Adult wild-type (WT) zebrafish (Danio rerio) were maintained at 28.5 °C on a 14 h/10 h light/dark cycle under standard aquaculture conditions. Fertilized eggs were collected by natural spawning. Embryos were raised in embryo medium: 1.5 mmol HEPES, pH 7.1–7.3, 17.4 mmol NaCl, 0.21 mmol KCl, 0.12 mmol MgSO₄, and 0.18 mmol Ca(NO₃)₂ at 28.5 °C.

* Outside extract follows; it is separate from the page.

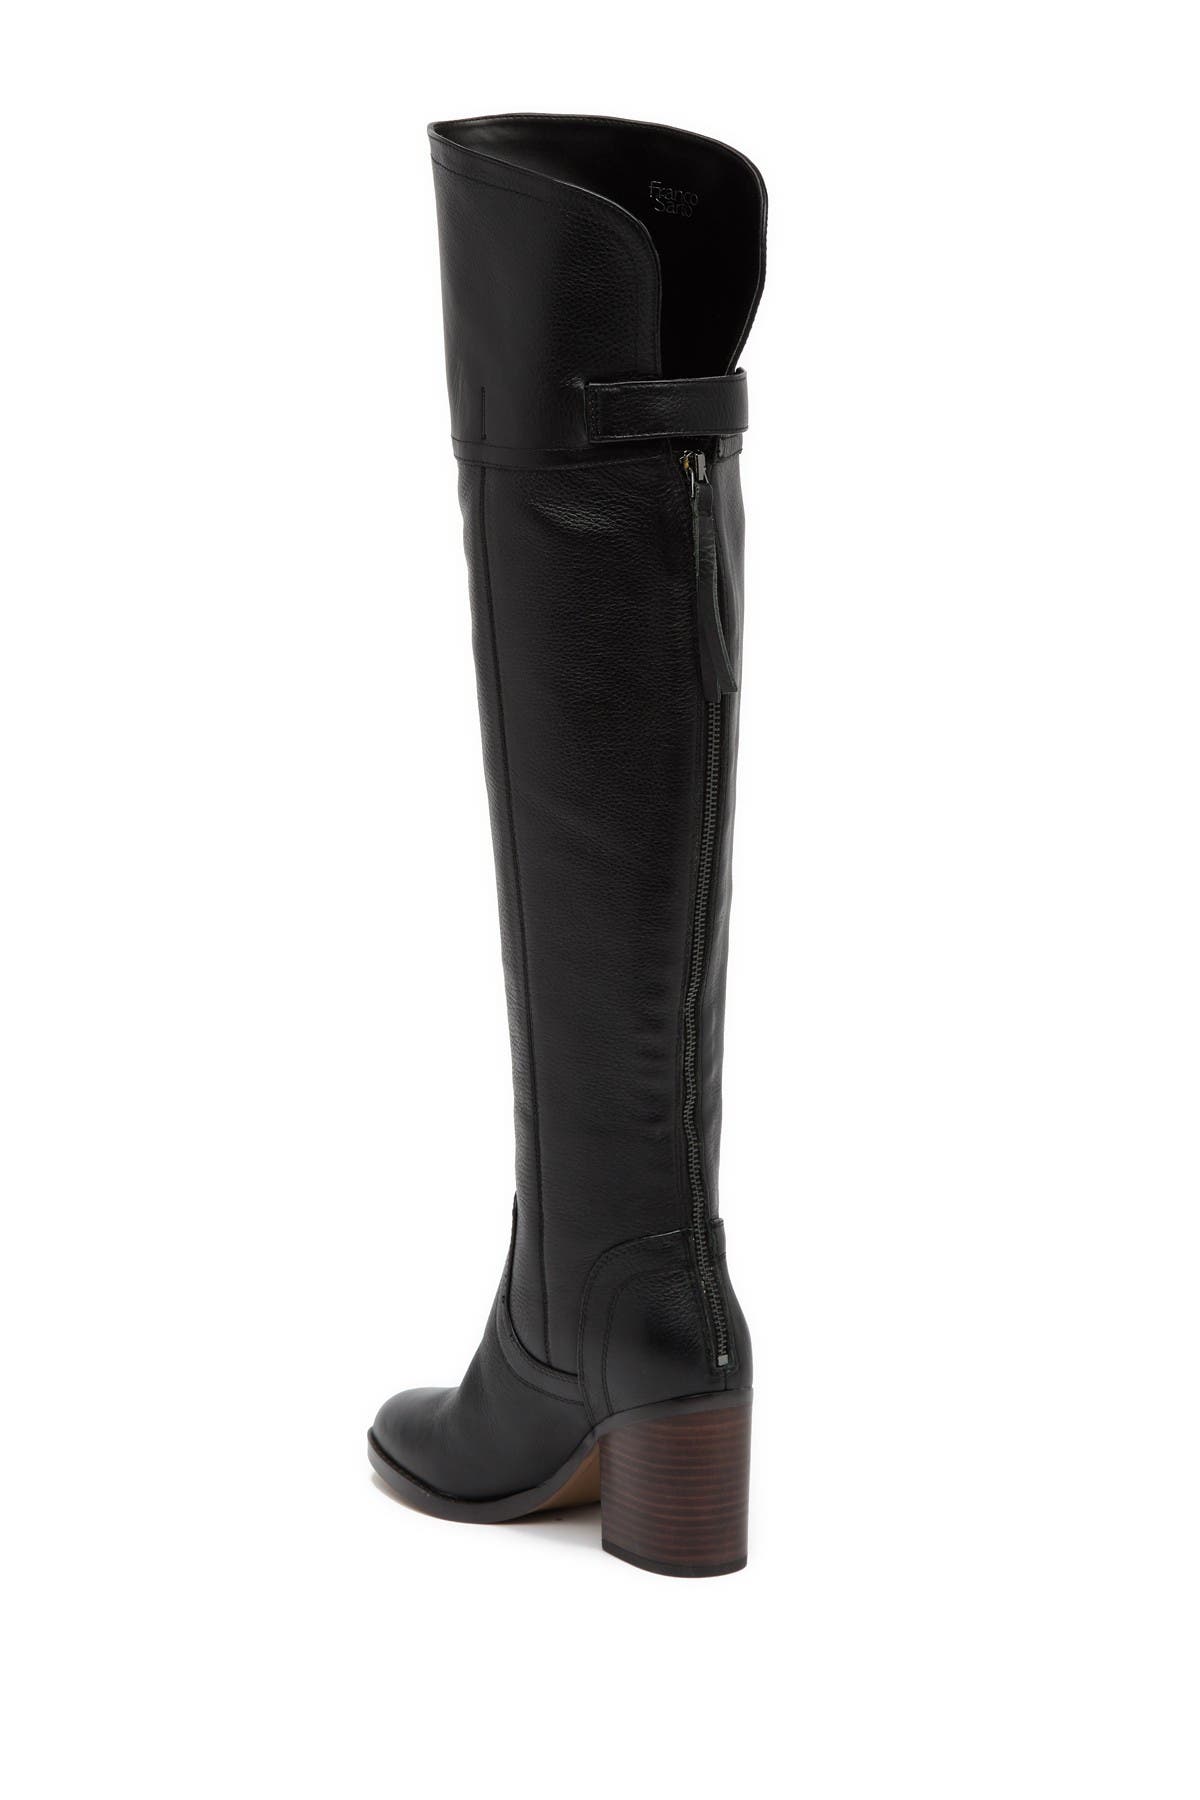 franco sarto ollie leather over the knee boot

4.7.2. Evaluation of Toxicity

Six EOs, i.e., 6, 8, 9, 10, 13, and 19, were selected for toxicity assays, which were performed according to Organization for Economic Co-operation and Development (OECD) guidelines for the testing of chemicals, with some modifications [57]. EOs that represented each of the chemotypes were dissolved in DMSO to obtain stock solutions at concentrations of 43.56 mg/mL (m/v). To acquire working concentrations, EOs were diluted in E3 medium, and DMSO was added to reach final concentration of 1%. All EOs were tested in two ranges of concentrations: 0.04356–0.4356 mg/mL and 0.4356–4.356 mg/mL. Four hours postfertilization (hpf), embryos were placed in a 48-well plate, with 5 embryos per well and 10 per concentration, and the tested solutions were added and changed every 24 h for the next three days. Embryos were incubated at 28.5 °C for 3 days with a 14:10 light–dark light cycle. After each 24 h period, embryos were checked under a microscope to check for any signs of toxicity (coagulation, abnormal somite, nondetachment of tail, heart and body development).

5. Conclusions

The obtained data indicate that the studied essential oils derived from Cymbopogon species showed potential antistaphylococcal effect. Among them, EO 14 (C. flexuosus), classified in the second chemotype, exhibited especially high activity (MIC = MBC = 0.5 mg/mL) against the reference MRSA. All examined EOs showed inhibition zones in direct TLC-bioautography assay, with highest visible activity being observed with chemotype II, especially EOs 14, 16, and 17 (C. flexuosus, C. schoenanthus). It is also interesting to note that studied essential oils have potential as antibiofilm agents. Unfortunately, they had no effect on biofilm eradication, even at concentrations of 16 mg/mL. Therefore, it is suggested that biofilm prevention is preferable to disruption and removal. The bactericidal effects of the tested EOs may be used for the prevention and treatment of infections caused by these microorganisms. EO 8 (C. martinii var. motia) was the most toxic agent in a zebrafish assay, while EO 13 (C. winterianus) was the least toxic. These results show that Cymbopogon essential oils are valuable antistaphylococcal agents.